Thursday, March 15, 2007

Nail, Head....She hit it perfectly.....

Over at Stirrup Queens and Sperm Palace Jesters, Mel wrote such an amazing entry that I just have to write about it. There are times when I read what she writes and wonder how she got into my head. This is one of those times.

We were in Iowa City yesterday for my Aunt's funeral. Any time we hear mention of Iowa City, it brings us back to our times there. We drove in and saw the sign for Bob's Your Uncle pizza, the place that made me feel sort of normal one difficult afternoon. We see the University come into view and it just takes us back.

Mel is right, Maybe wellness resolves prematurity, but it doesn't resolve the fears that accompany a NICU experience.
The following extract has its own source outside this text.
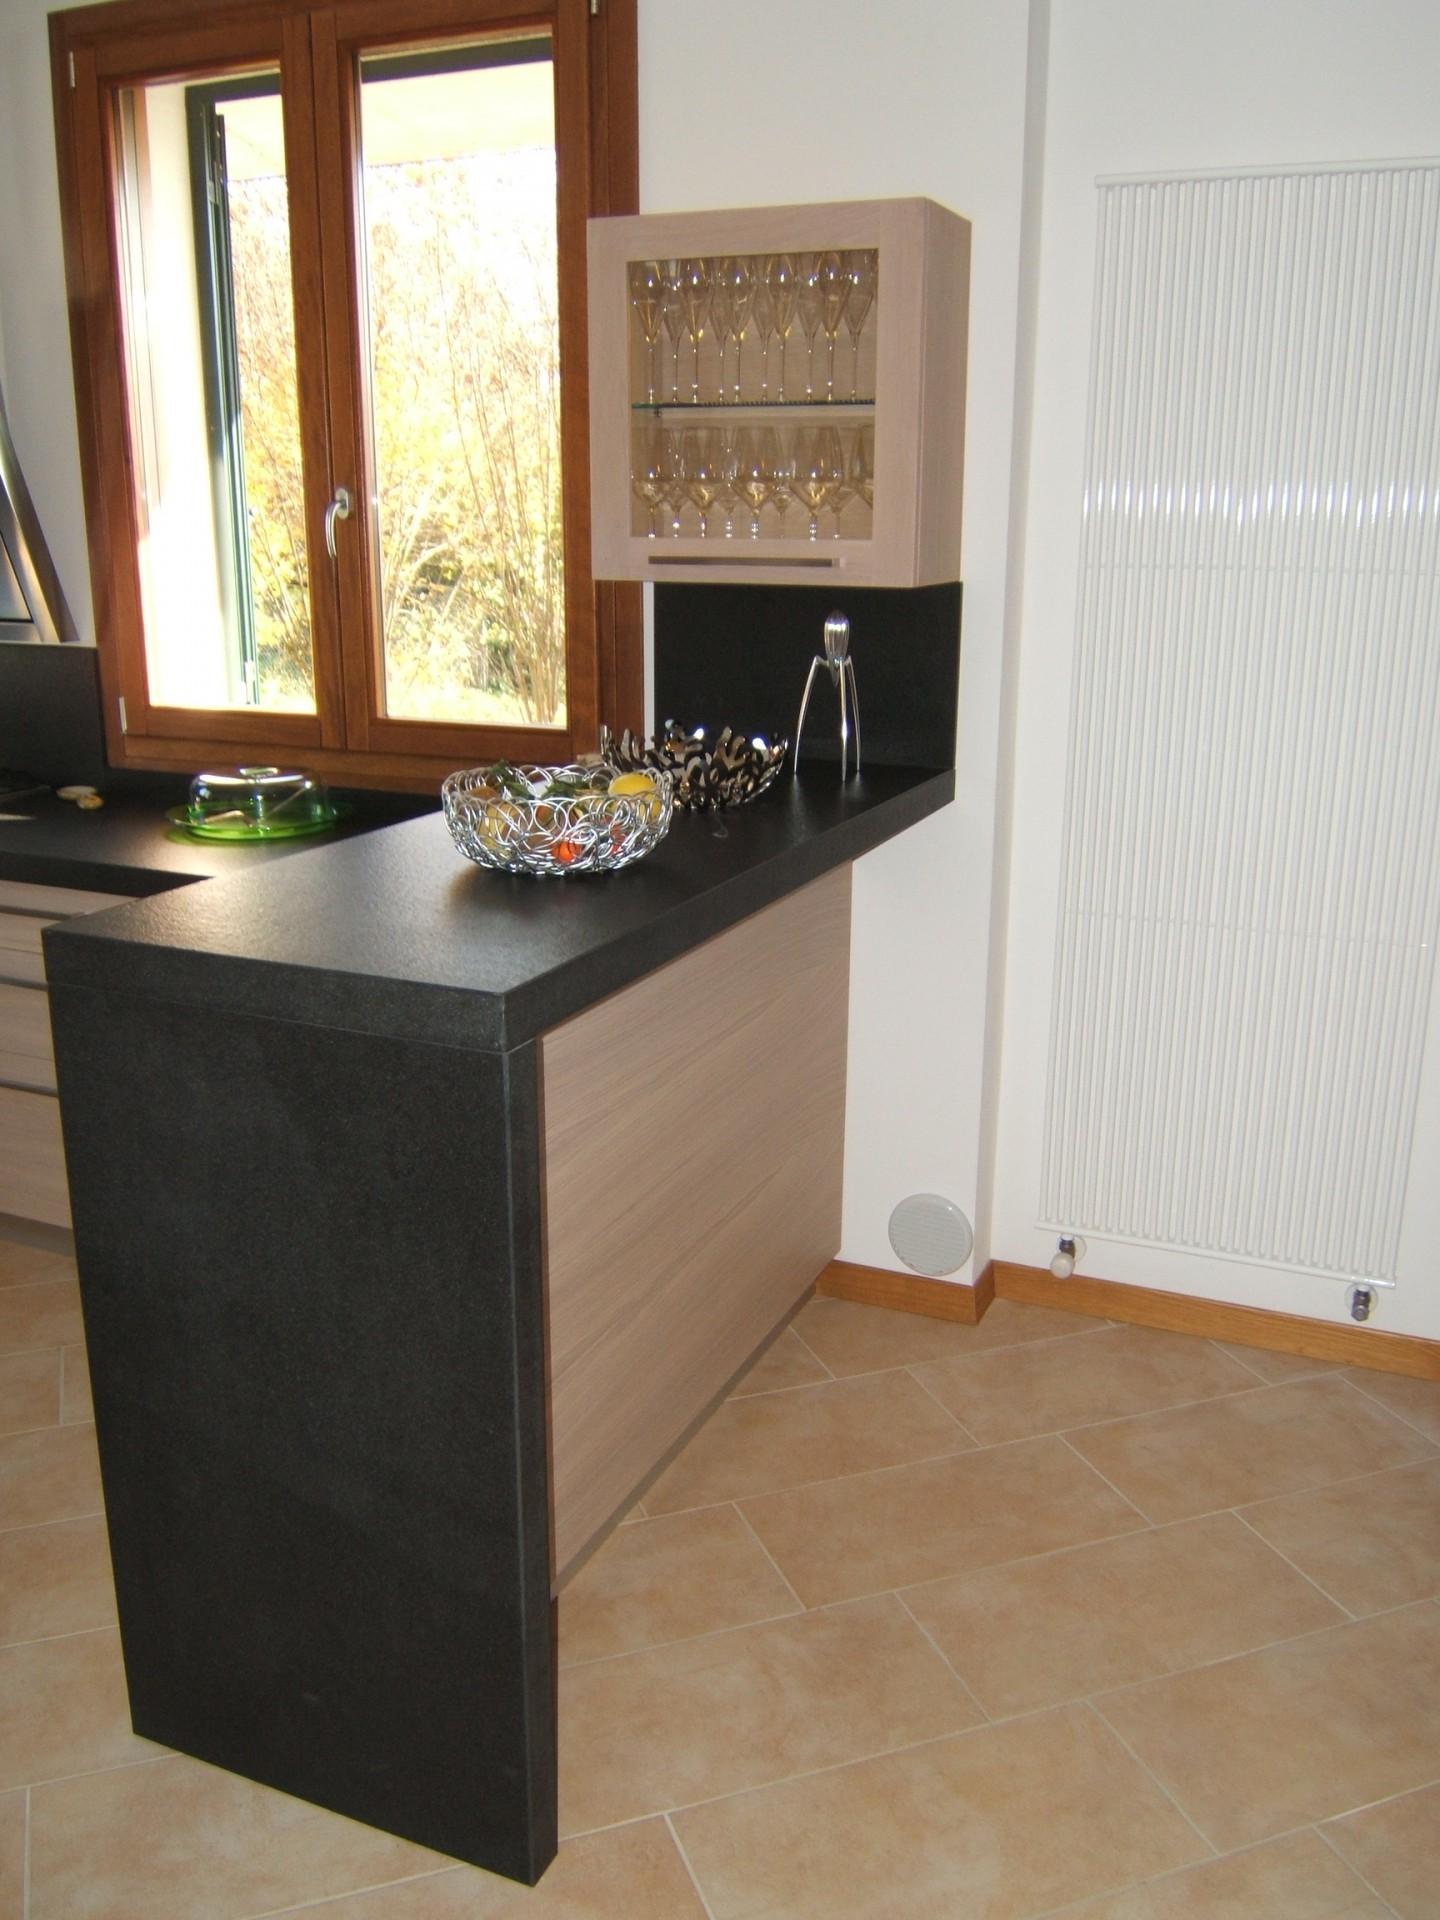 Cucina costruita in legno di rovere su misura | Fadini ...

A week or so ago, someone asked on a message board that I belong to about her SIL who was diagnosed with IUGR and said that her SIL was 30 or so weeks along. She got all kinds of people telling her these great stories of how they know of someone who had a baby at 30 or 31 or 29 weeks and they were small but they are fine now. I know that she was looking for support, but I didn't think that was the right kind of suppport. I wanted to tell her about the issues that babies born that early face: RDS (respiratory distress syndrome), brain bleeds, intestinal issues, there are just so many things. She should be telling her SIL to be prepared. I think it's what saved me. If I had not known a little of what to expect (and I had been prepped by the nurses, I asked the tough questions.) I wouldn't have been able to survive at all.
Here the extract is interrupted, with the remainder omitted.